2. In Sunlight and in Shadow by Mark Helprin – This enormous, gaudy throwback of a novel – rich in atmosphere, hyperbole, and heroism – is a fitting companion to the author’s immortal Winter’s Tale. It’s the story of two fated lovers – Harry Copeland and Catherine Thomas Hale – and the New York, at once factual and fantastic, that conspires to test and then validate their love. More than one critic set the pitch of their praise against some imagined opposition (“You just can’t hate this one! You just can’t!”), and they were right to do so: the bitter, clipped, arrogant hipster cynicism that afflicts so much of the literary world hates on principle all the things this grand, uplifting novel so brazenly champions.

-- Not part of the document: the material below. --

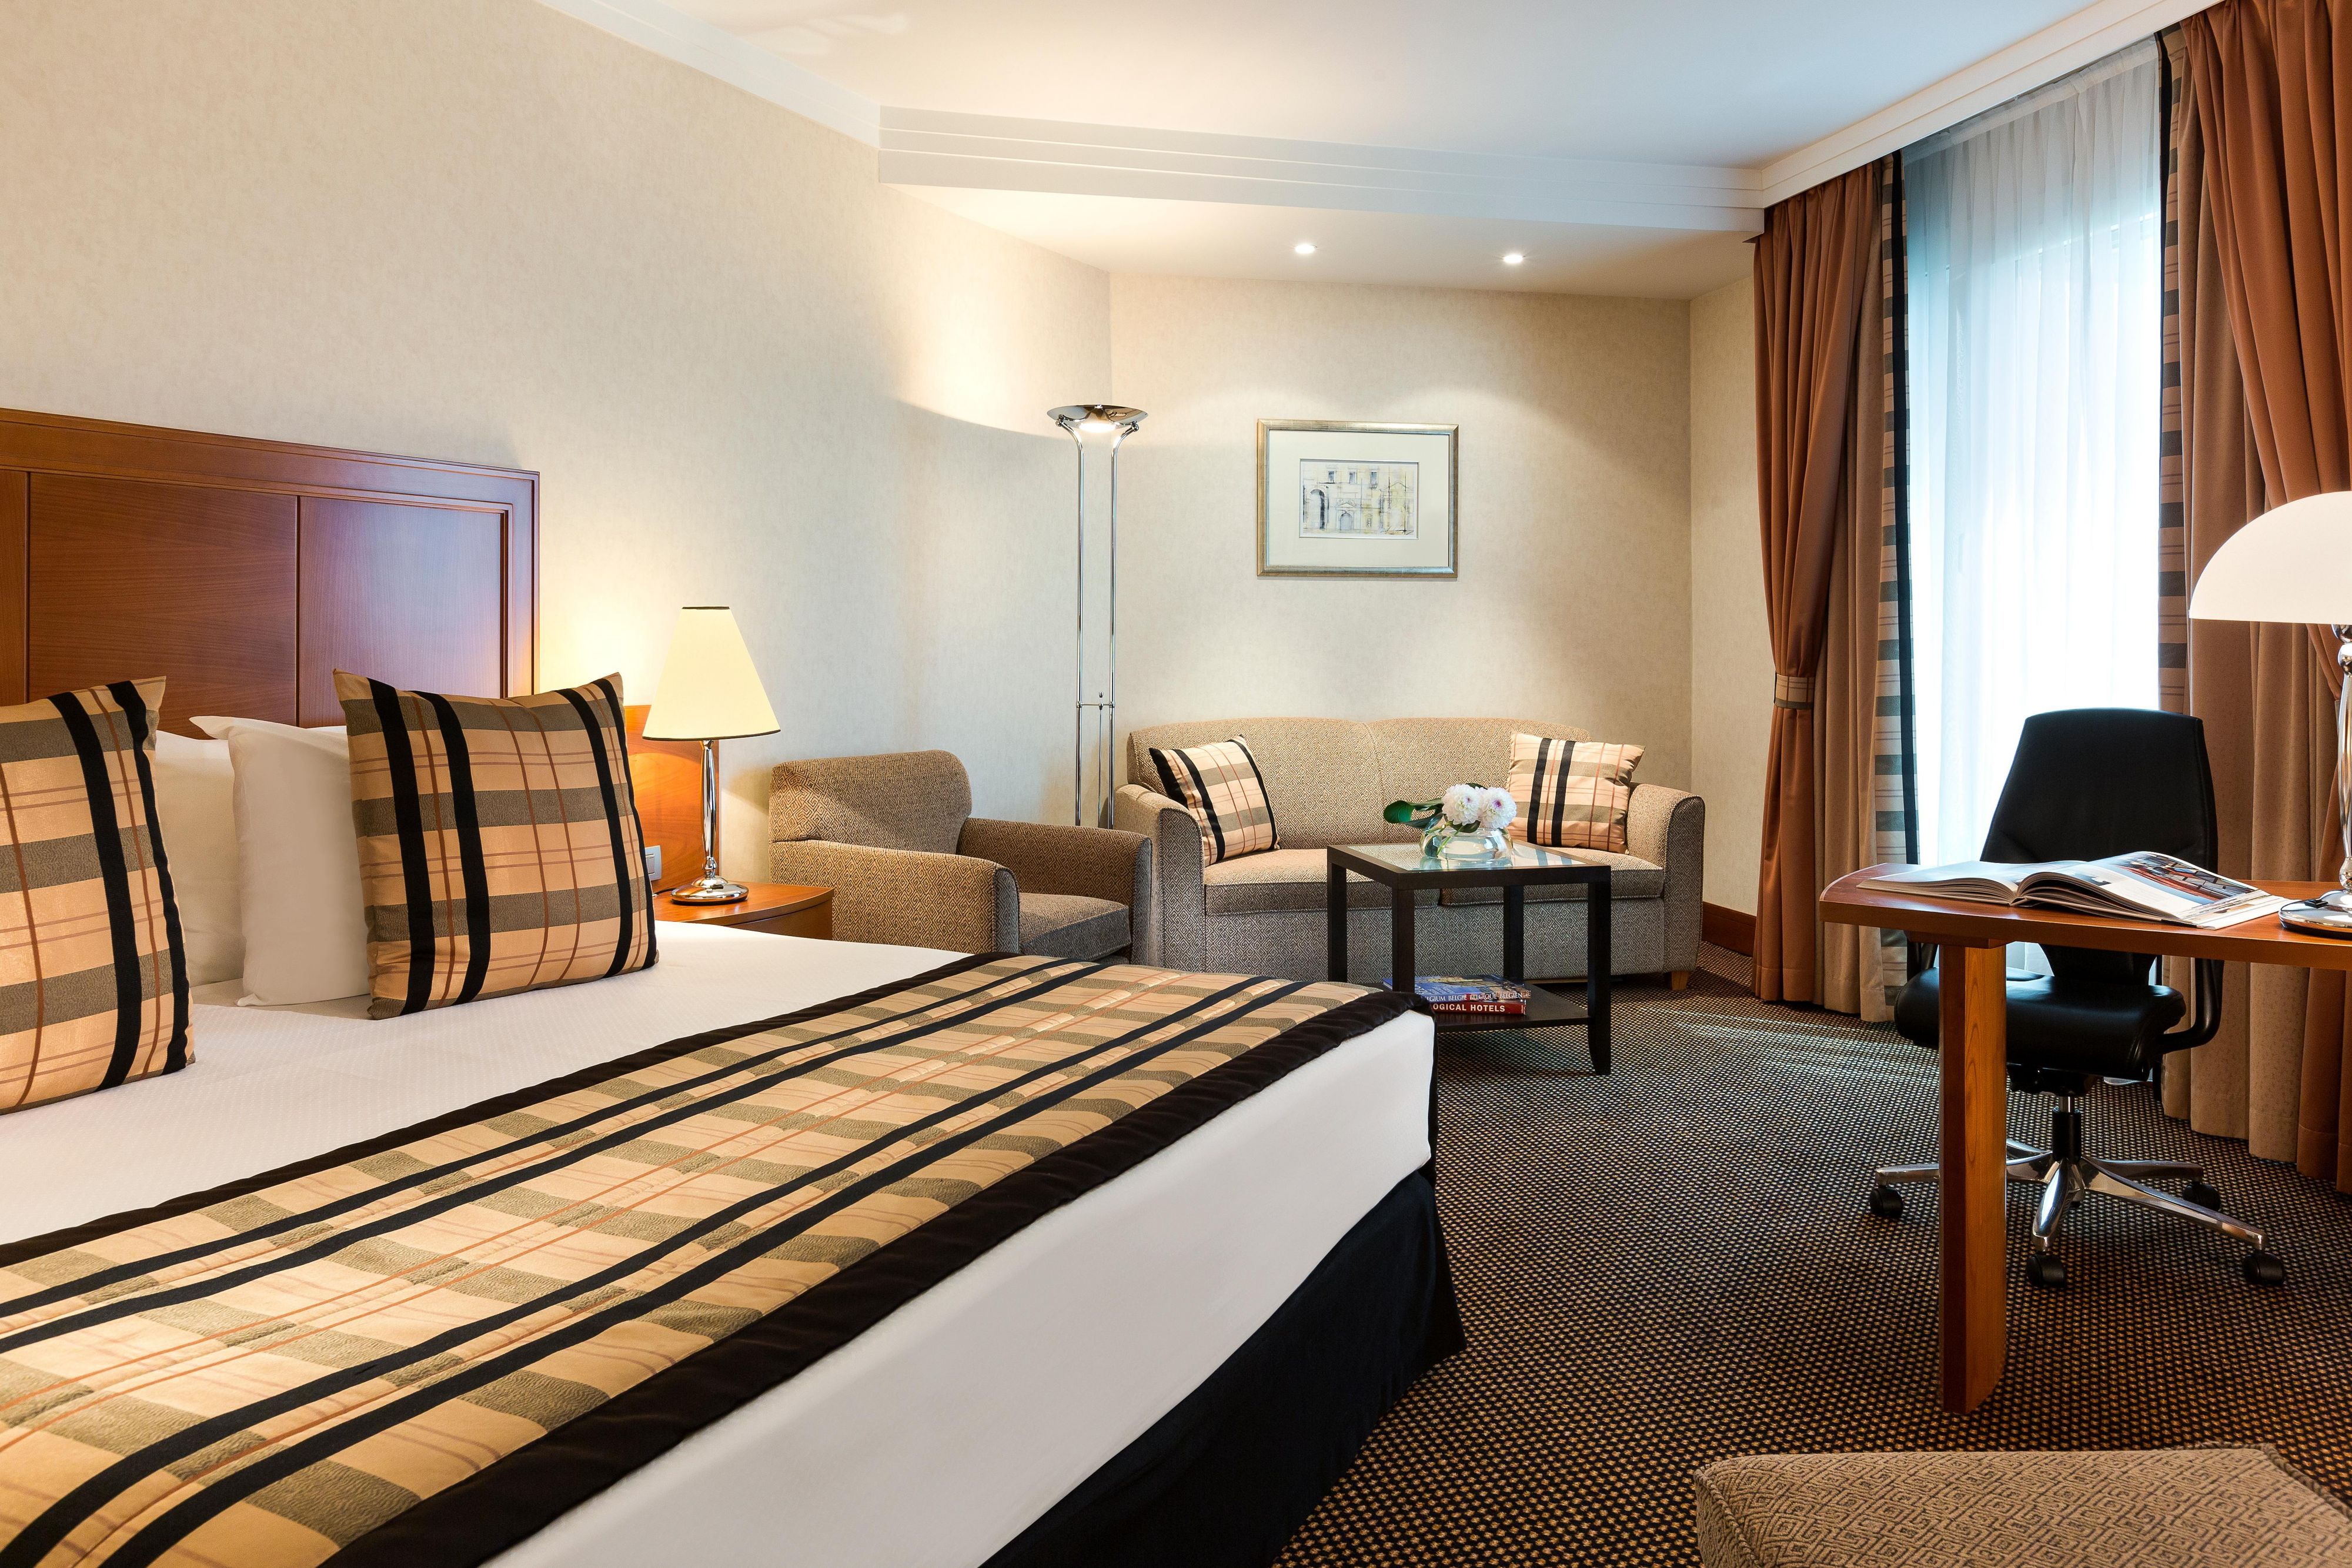 Enjoy extra space in a Junior Suite with a cosy sitting area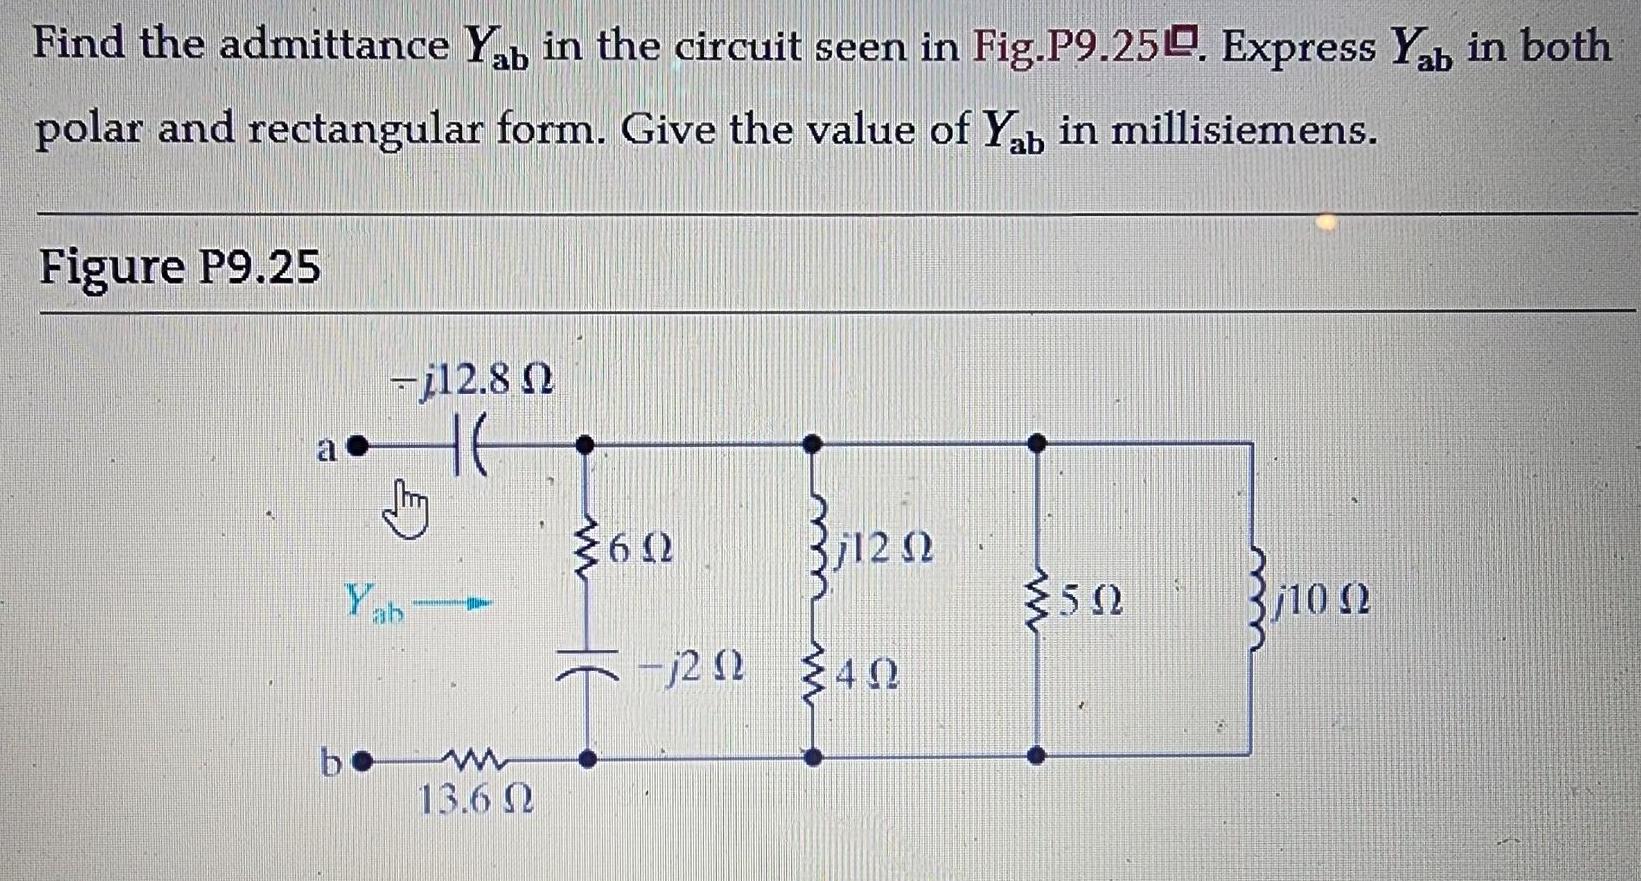 Find the admittance Yab in the circuit seen in Fig.P9.250. Express Yab in both polar and rectangular form.

But In Sunlight and in Shadow wins all such contests easily – not through the cloy of nostalgia, but through the best, only sure way: the sheer bravura power of its prose.

street_sweeper2

1. Street Sweeper by Elliot Perlman – This long, complex novel – the best of 2012 – intertwines the stories of three very different protagonists  – a black janitor, an elderly Holocaust survivor, and a slightly washed-up American historian -  and weaves them into an epic, unforgettable story of how things – and people – survive, how they both oppress and complete each other. There are scenes and set-pieces in these pages that could have been written by nobody else, chilling moments and moving plot-threads handled with a brilliance far exceeding even that found in the author’s own superb Seven Types of Ambiguity. Any genre that can boast this novel – indeed, all ten of these novels (and there were a dozen more almost as good in 2012)(prompting some friends to ask for a “Stevereads longlist”!) – has centuries of life left in its sacred charge of storytelling.